What you will do - Restate the full listing word for word and leave the pictures out.

Provided material -
****************

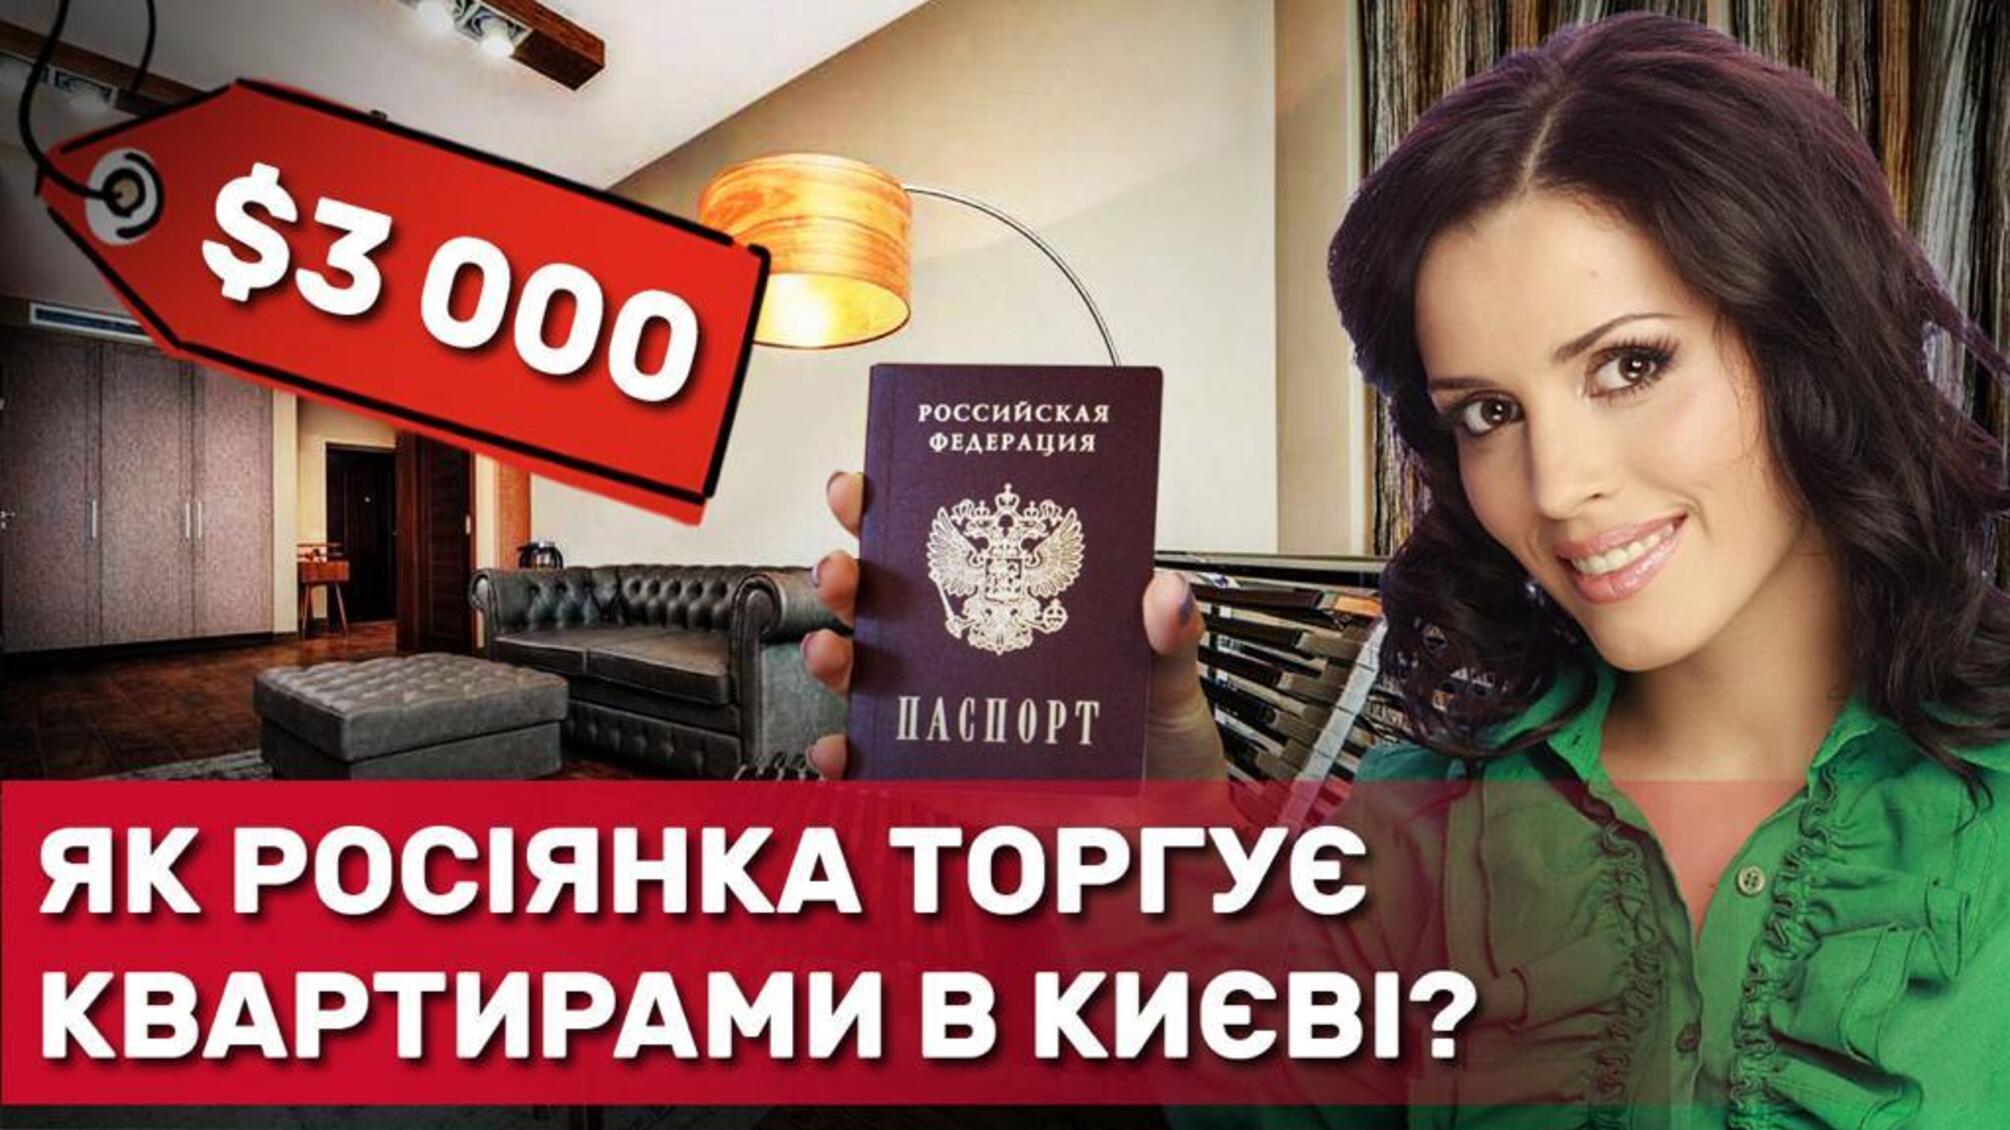 Крымчанка с российским паспортом зарабатывает на киевской недвижимости
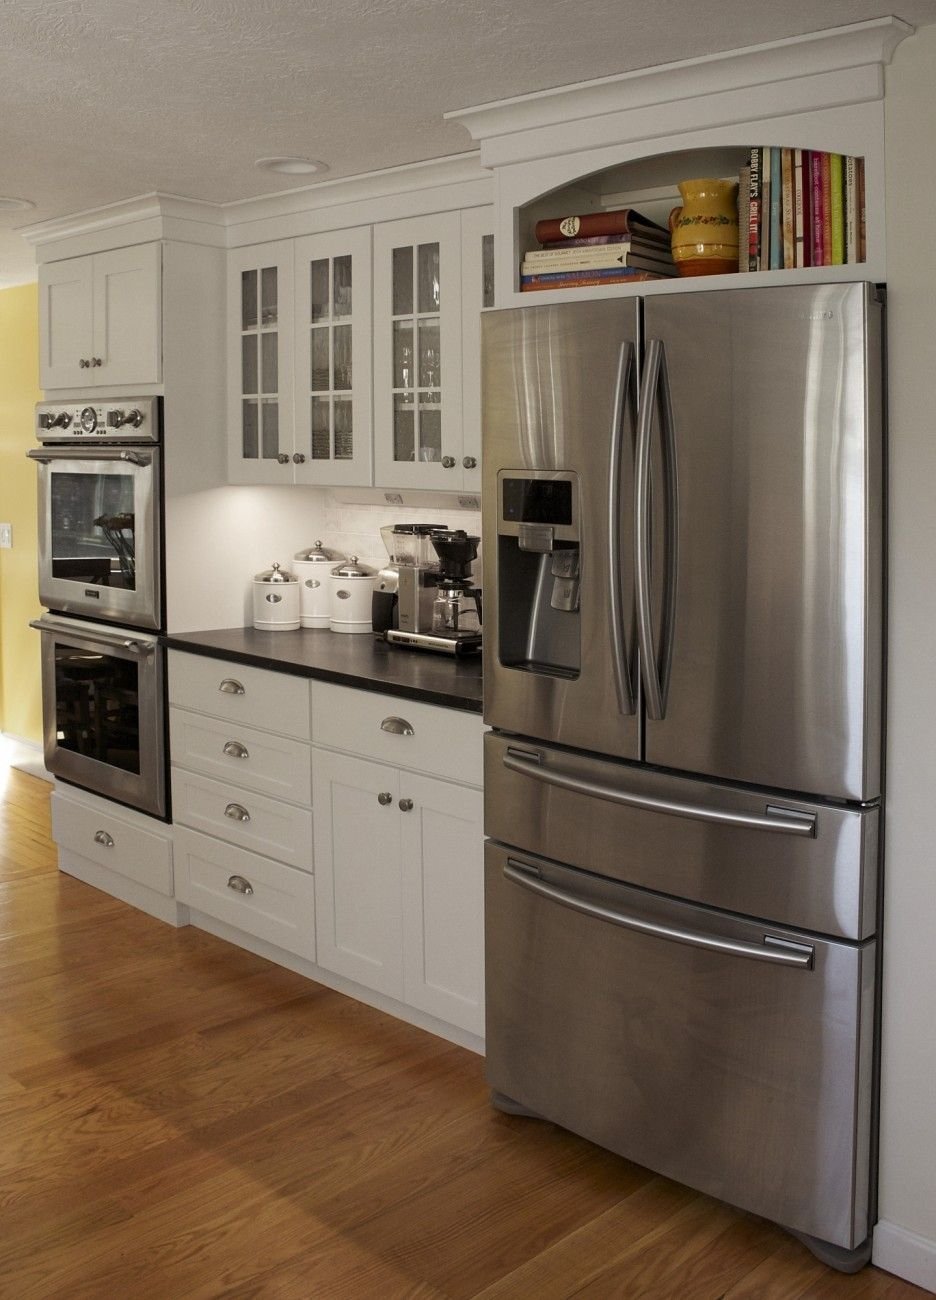 Холодильник Смег в интерьере кухни
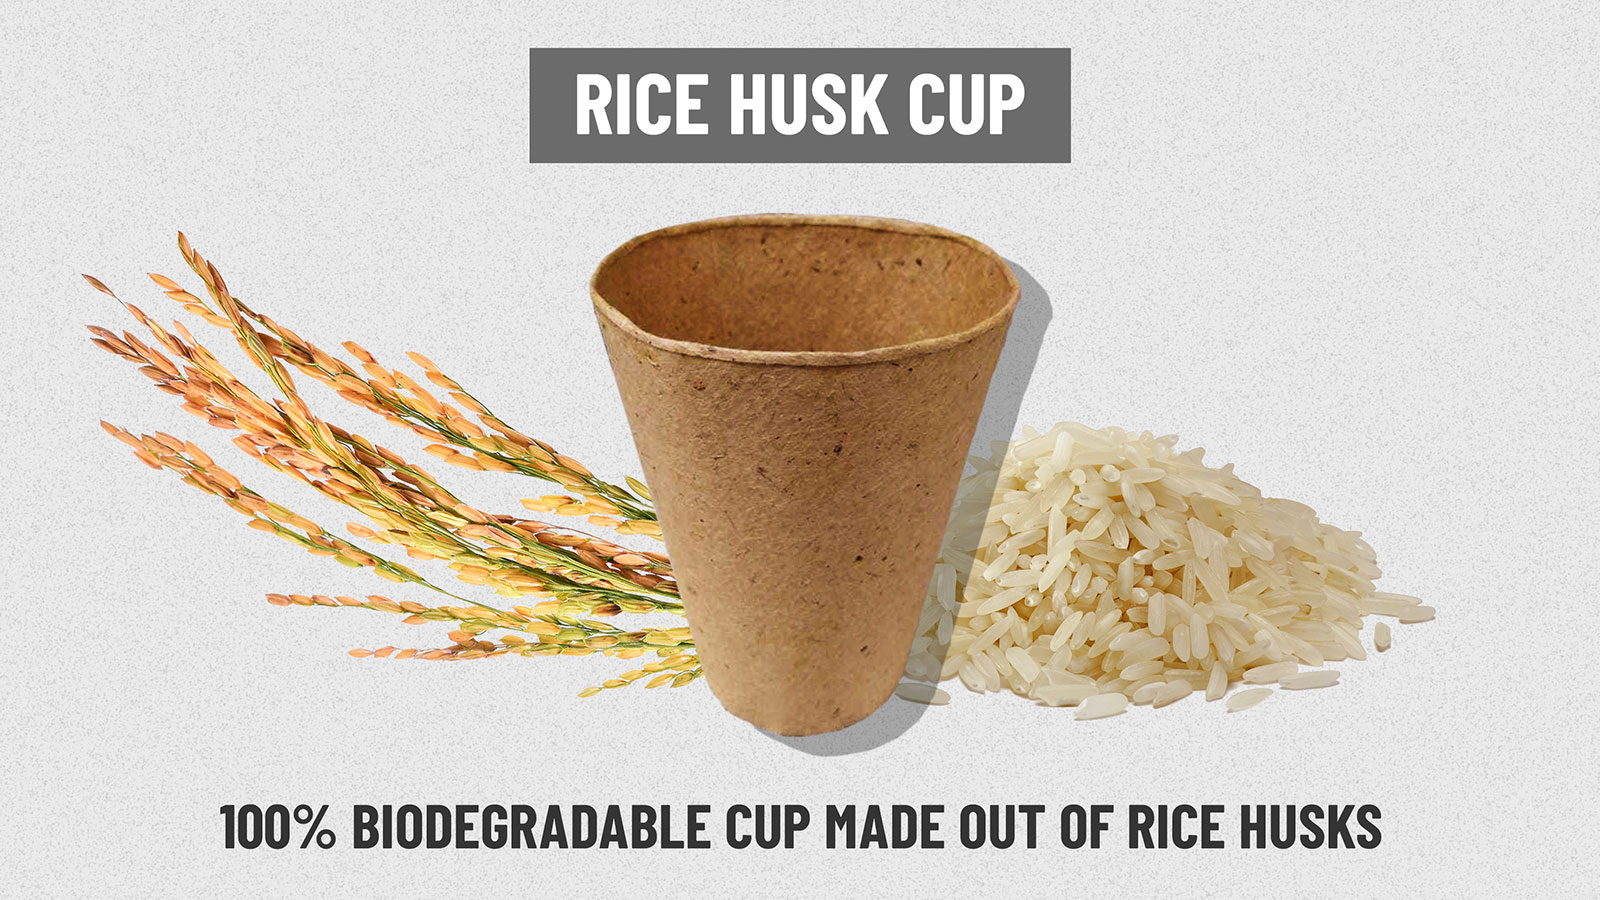 https://cdn.cnn.com/cnn/interactive/2019/02/business/starbucks-cup-problem/media/cups-centerpiece-gallery-rice.jpg

****************

Solution to the exercise -
 Крымчанка с российским паспортом зарабатывает на киевской недвижимости
 Холодильник Смег в интерьере кухни
 https://cdn.cnn.com/cnn/interactive/2019/02/business/starbucks-cup-problem/media/cups-centerpiece-gallery-rice.jpg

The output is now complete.